Linking personas to rules. Currently the 8 personas are defined in YAML, but this is still just personality configuration. In Phase 2, a persona should be the behavior rules themselves. Grimm the miner's persona file specifies an activity ratio of "mining 60%, crafting 20%, selling 10%, banking 10%" — the actual planner needs to read and follow that. Skill locks, gear preferences, movement radius should all come from the persona.

Automatically expanding location knowledge. Right now, "Minoc mine is here, Britain forge is there" is hardcoded. In Phase 2, agents should automatically record places they discover as they roam, and share that information with other agents. Information like "there's a good ore vein over that way" should propagate between agents.

Learning from failure patterns.

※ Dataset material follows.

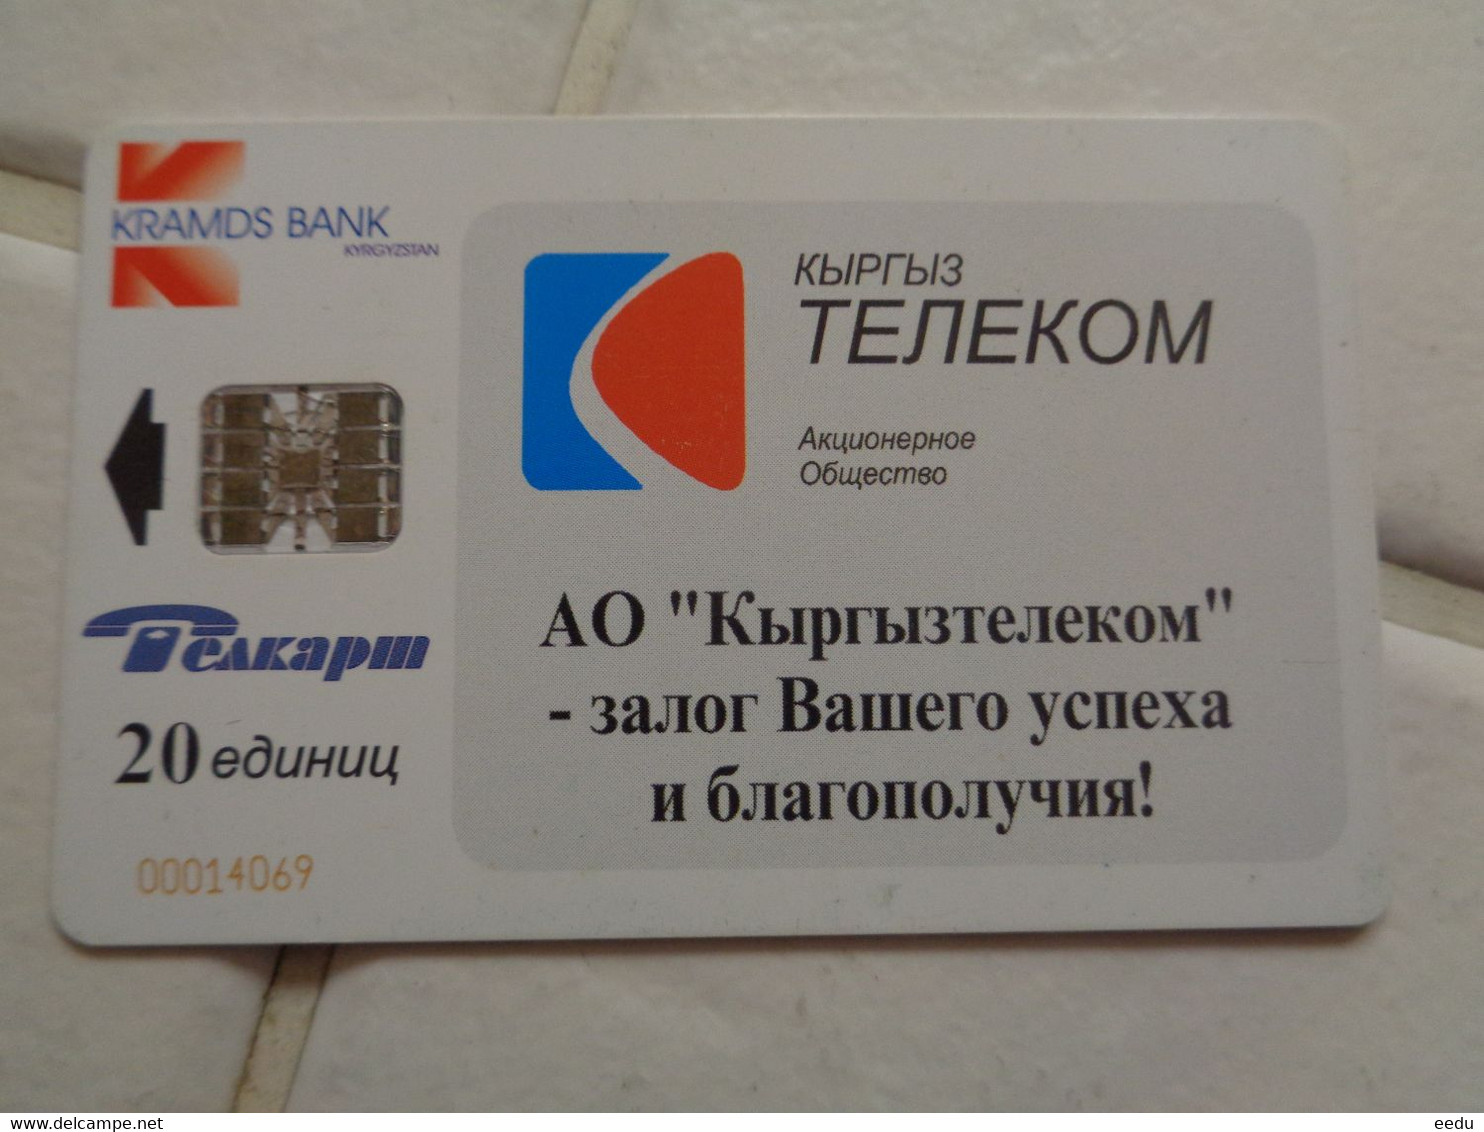 Kyrgyzstan Phonecard - Kyrgyzstan

Weeks of action logs from Phase 1 will exist — what situations caused procedure failures, which locations were efficient. A system that analyzes this data and automatically adjusts rules is needed. Not by directly editing code, but by tuning the parameters in rule documents.

When Phase 2 is complete, someone who isn't an engineer will be able to design new agent behaviors using only documents. Code becomes the engine; content becomes documents. Phase 3 — autonomous agents combining reinforcement learning and LLMs — only becomes possible on top of this foundation.

Technically complex, but what I want in the end is simple. AI living naturally inside a 28-year-old game world. Packets, timing, and state synchronization — those are just the plumbing for that goal.